Não menos terrível foi ver Bia Haddad ser novamente eliminada por Sara Errani, que nem de longe tem sido a italiana de anos atrás. Pior de tudo é que a brasileira despencará no ranking, não apenas por 78 pontos perdidos em Praga nesta semana mas com outros 140 de Madri na próxima. E ainda tem 80 do quali de Roland Garros a defender.

Nem Marcelo Melo escapou. Ele e Lukasz Kubot, a bem da verdade, perderam o ritmo e não têm jogado bem desde fevereiro. Para fechar a sexta-feira tenebrosa, Guilherme Clezar deixou escapar quatro match-points e 6-2 no tiebreak do terceiro set e Thomaz Bellucci parou em outras quartas, sem ganhar set do 244º do ranking, depois de ter 5/3 e dois set-points com o serviço na série inicial.

E o que nos resta neste latifúndio? Futures. João Menezes em outra final na Nigéria, Jordan Correira numa semi no Cairo, Orlandinho e Felipe Alves em final de duplas também no Egito, Rafael Matos e Igor Marcondes em semi no clube Paineiras.

Mantenha-se otimista, se puder. Eu vou tentar.

Quanta notícia boa!
Por José Nilton Dalcim
2 de maio de 2018 às 19:11

Vamos falar baixinho, porque dá até medo de alguém ouvir: o tênis brasileiro engatou uma série de vitórias como há bom tempo não se tinha o prazer de observar. Bem dito seja o saibro, e o har-tru também.

Rogerinho Silva fez duas belíssimas partidas em Istambul, atropelou Viktor Troicki e tem enorme chance de passar por Taro Daniel e atingir a semifinal, o que novamente o deixaria a um passo do top 100. Thiago Monteiro por sua vez furou o quali e enfim voltou a vencer em nível ATP, o que não acontecia desde a semi de Quito três meses atrás.

Fato curioso, embora menos expressivo, Rogerinho e Thiago disputam rodada a rodada pelo número 1 nacional. Por ter menos a defender, o canhoto cearense leva vantagem, mas terá de repetir o sucesso de Rogerinho e avançar às quartasna Turquia. O adversário é perigoso: o canhoto Jiri Vesely, para quem já perdeu duas vezes.

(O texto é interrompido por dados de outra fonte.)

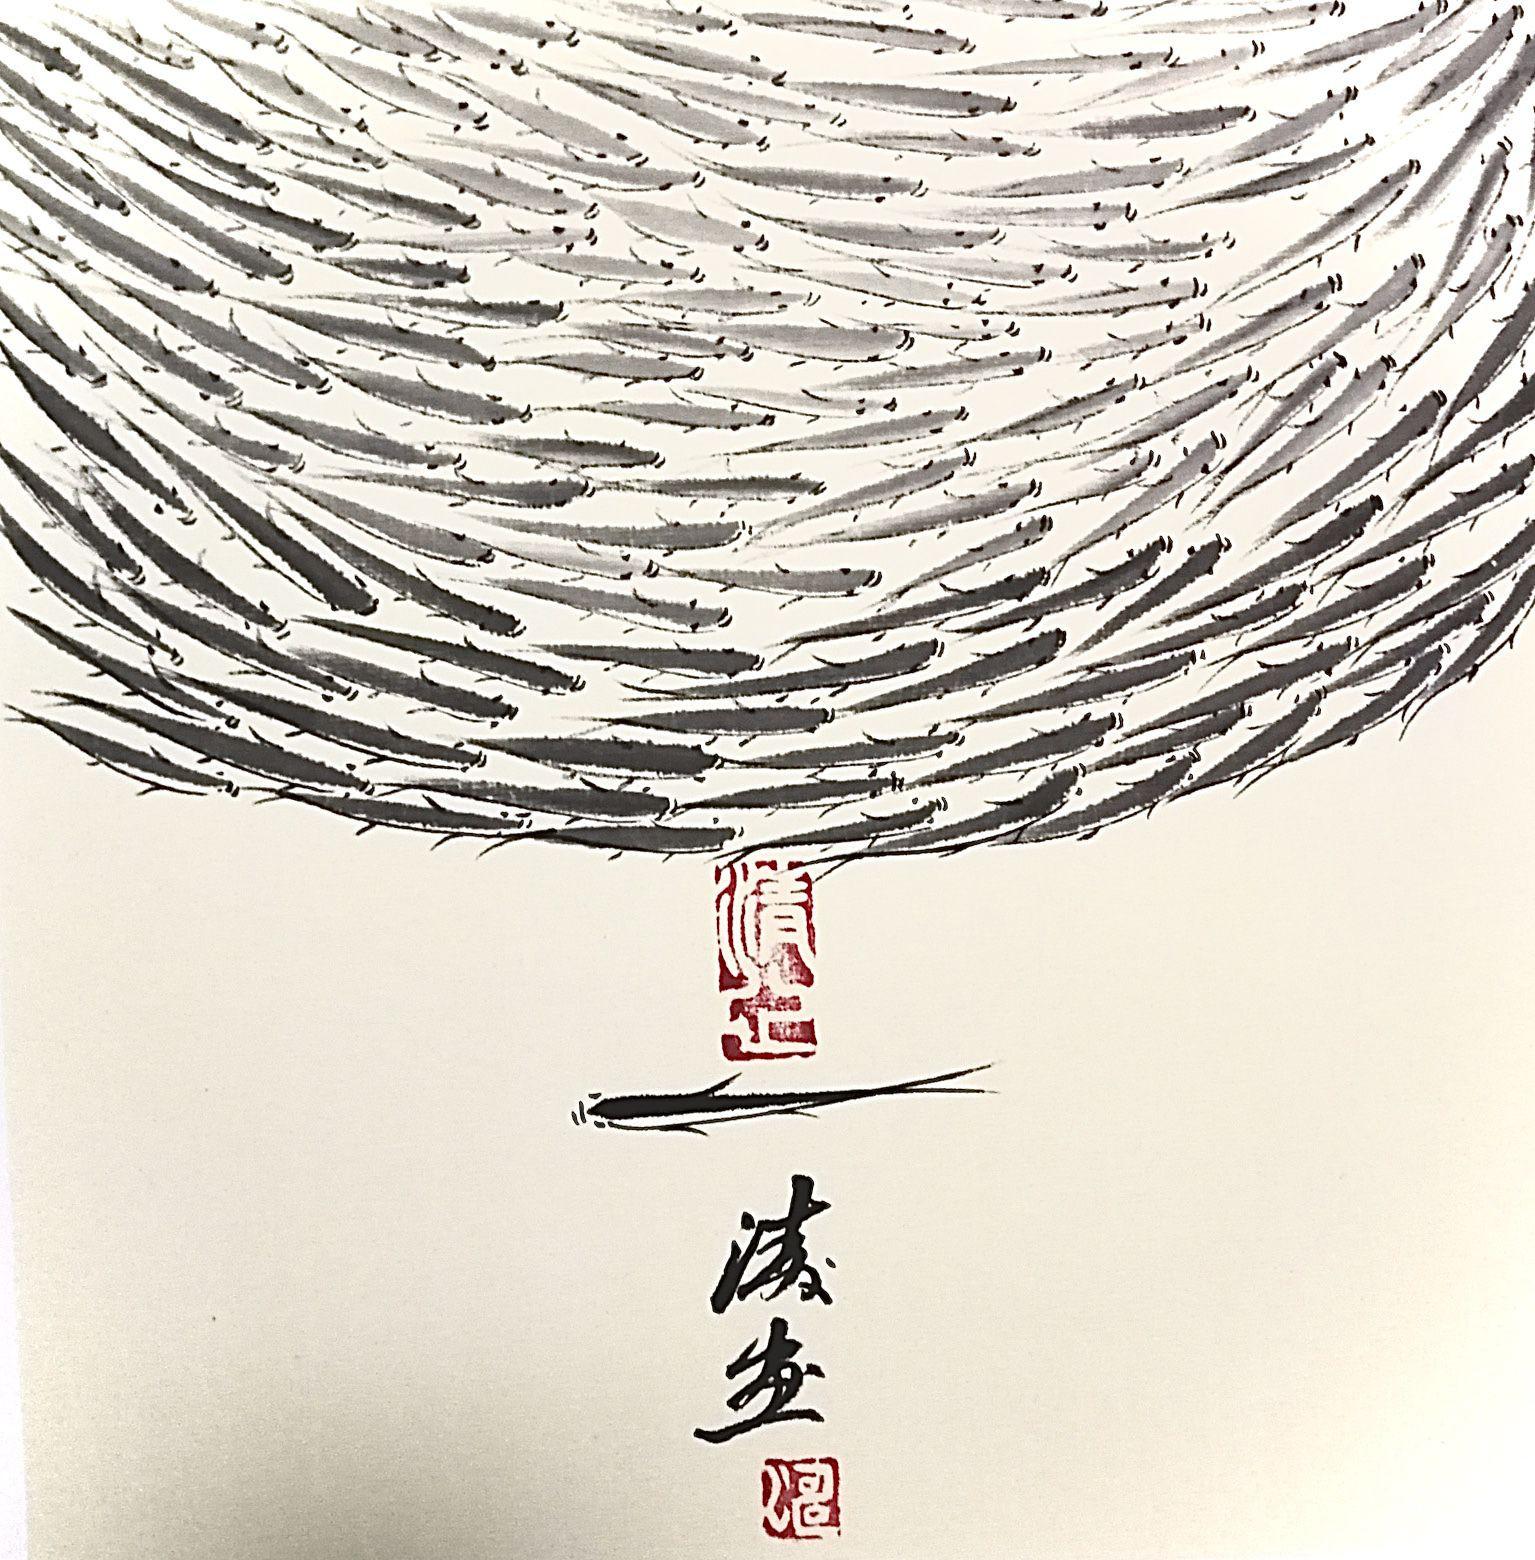 国画《为逆行者点赞 》 丁海涛

Outro alívio foi ver Thomaz Bellucci, Guilherme Clezar e Karue Sell avançarem no har-tru norte-americano. Bellucci ainda nos fez sofrer, mas segurou a cabeça e conseguiu virada nesta quarta-feira, novamente indo às quartas. Não sabe o que é uma semi desde Houston, há mais de um ano, nem mesmo em nível challenger. Aliás, Clezar também mostrou poder de reação. Levou ‘pneu’ e viu adversário ter 6/5 no segundo set. Por fim, Sell jogou seu terceiro challenger e obteve a primeira vitória. Pouco para seus 24 anos, é verdade, porém ele ficou muito tempo fora do circuito profissional.

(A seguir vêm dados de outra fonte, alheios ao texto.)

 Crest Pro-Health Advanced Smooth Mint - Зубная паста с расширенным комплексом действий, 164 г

Como nem tudo é perfeito, Bia Haddad encarou uma adversária inspirada e parou na estreia de Praga. A canhota holandesa Mihaela Buzarnescu, 37ª do ranking, jogou um belo tênis e não há do que se queixar. Teliana Pereira só obteve uma vitória em ITF húngaro e está sofrendo para recuperar ritmo e a confiança.

E mais
– As boas notícias da semana vieram também para a antecipação de Roger Federer no retorno ao circuito, ao pedir convite para disputar Stuttgart. O suíço então fará três torneios na grama, assim como em 2017.
– Não menos animadora foi a lista de ‘s-Hertogenbosch, na mesma semana de Stuttgart, e a confirmação de Andy Murray. Espera-se que o escocês dispute um challenger sobre a grama na primeira semana de junho, possivelmente Surbiton.
– Ótimo também saber que Vika Azarenka foi liberada para viajar com o filho para a Europa. Ela poderá assim jogar Madri, Roma e Paris. Quase ao mesmo tempo, Serena Williams confirmou que só voltará em Roma, porque adiou o início do treinamento no saibro.
– Curiosa a entrevista do nutricionista suíço Jurg Hosli, reproduzida em TenisBrasil. Ele acredita que Novak Djokovic pode estar sofrendo de um tipo de anorexia, ou seja, obsessão por dieta com alimentos ‘pretensamente saudáveis’. Segundo o especialista, reduzir carboidratos e cortar totalmente o açúcar é um grande erro. Realmente, impressiona a magreza atual do sérvio.